On 03/06/2021 20:46, Agustín Aucar wrote:
Dear Kenneth,

Thank you so much for your kind reply.


El jue, 3 jun 2021 a las 15:18, Kenneth Hoste (<[email protected] <mailto:[email protected]>>) escribió:

    Dear Agustín,

    I'm not sure if there's an easy way to determine which library is
    causing the "Illegal instruction" error, but it's possibly not a single
    specific library, but several...

    I suggest you try re-installing all modules on the slave nodes (the
    oldest CPUs), if that's feasible.


I think the oldest CPUs are not those of the slave nodes but from the master.

Master node:

model name : Dual-Core AMD Opteron(tm) Processor 2214

Slaves:

model name : Intel(R) Xeon(R) CPU E5-2620 v4 @ 2.10GHz

As far as I can see in this web site <http://cpuboss.com/cpus/Intel-Xeon-E5-2620-vs-AMD-Opteron-2214>, the AMD CPU (our master node) is older than the Intel ones (slaves).

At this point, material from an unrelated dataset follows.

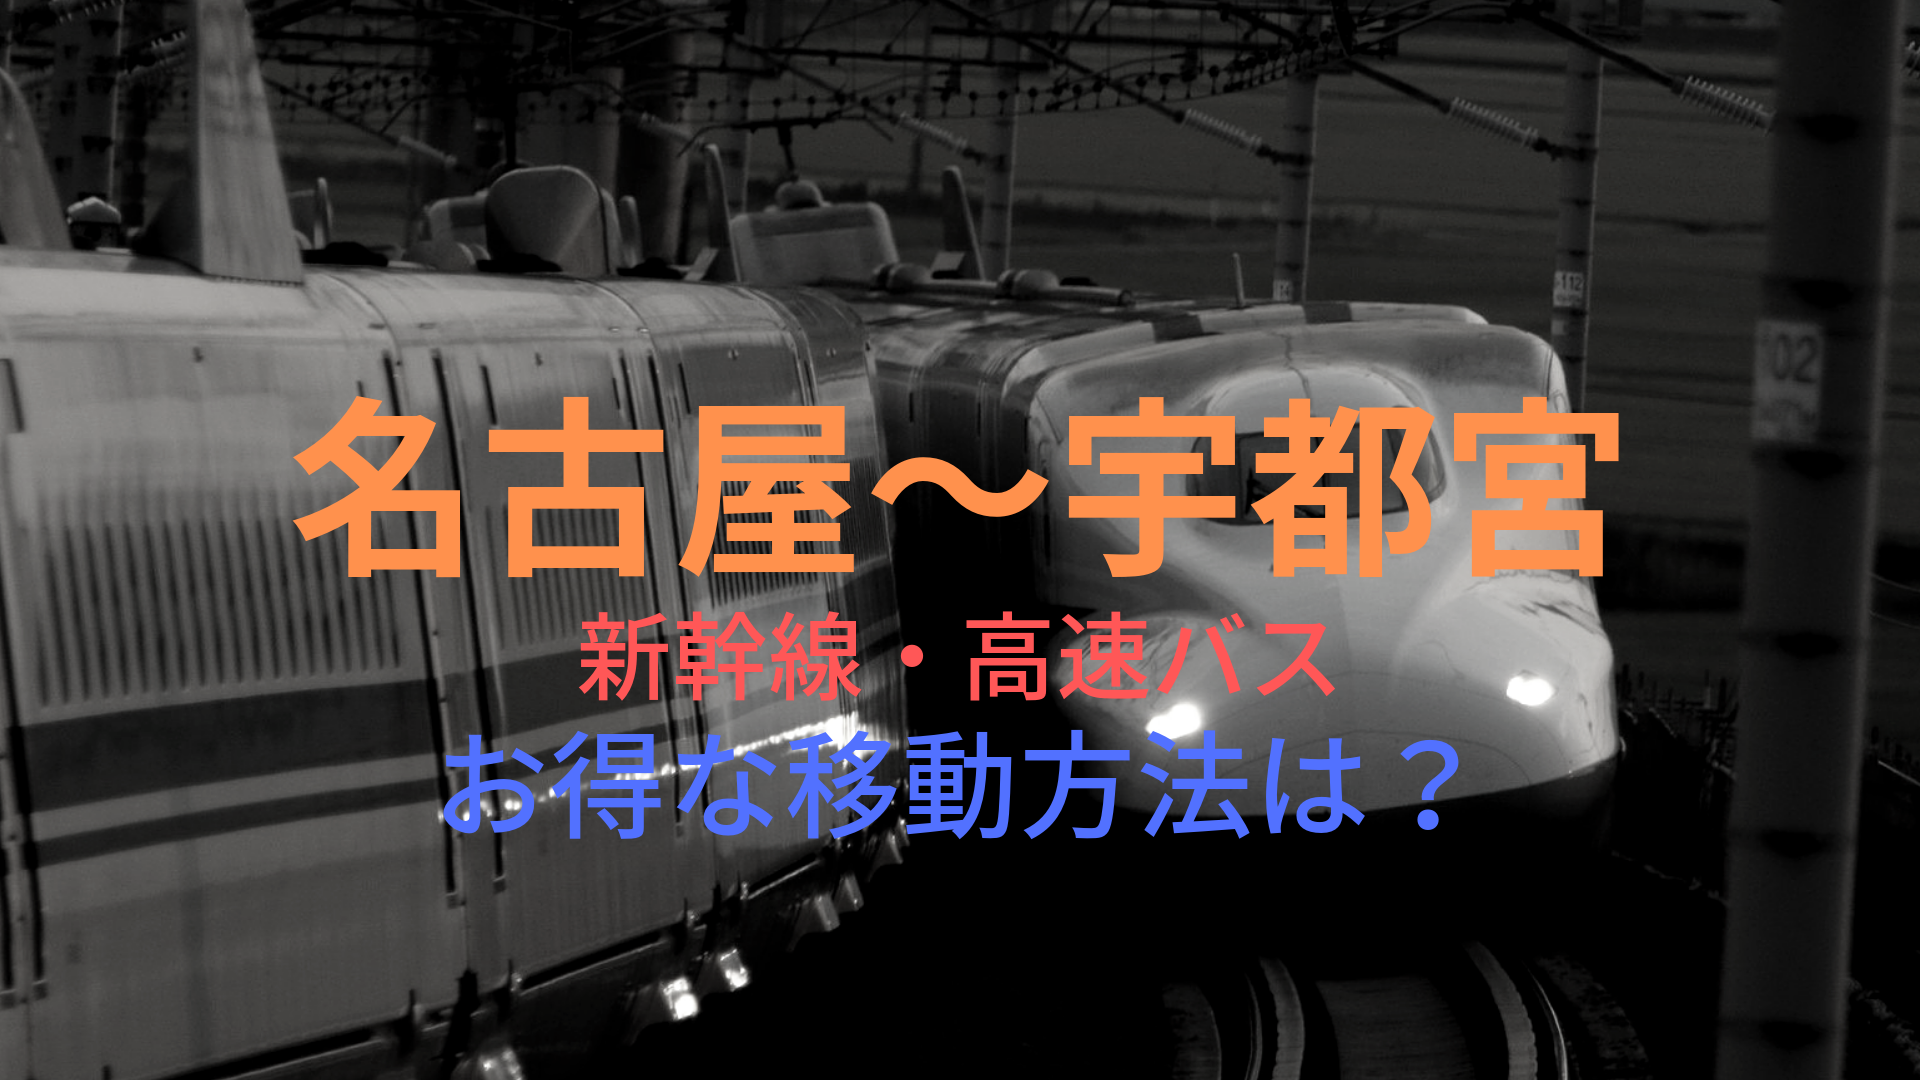 名古屋 宇都宮 8130円 格安で移動する方法は 新幹線 高速バスをそれぞれ比較 ばしたく交通

Am I wrong?


No, you're right, I overlooked that.

This probably means you're in trouble, in some sense...

The AMD processor supports instructions that the Intel one in the slaves doesn't support, and vice versa.

So building on the slaves with -march=native (which is what EasyBuild does by default) means the installations can only be used on the slaves.
And the same goes for the master...



    When you use "eb --force", only the easyconfig files specified to
    the eb
    command are reinstalled.
    There's no command line option to re-install everything, since it's
    pretty rare to actually having to do this.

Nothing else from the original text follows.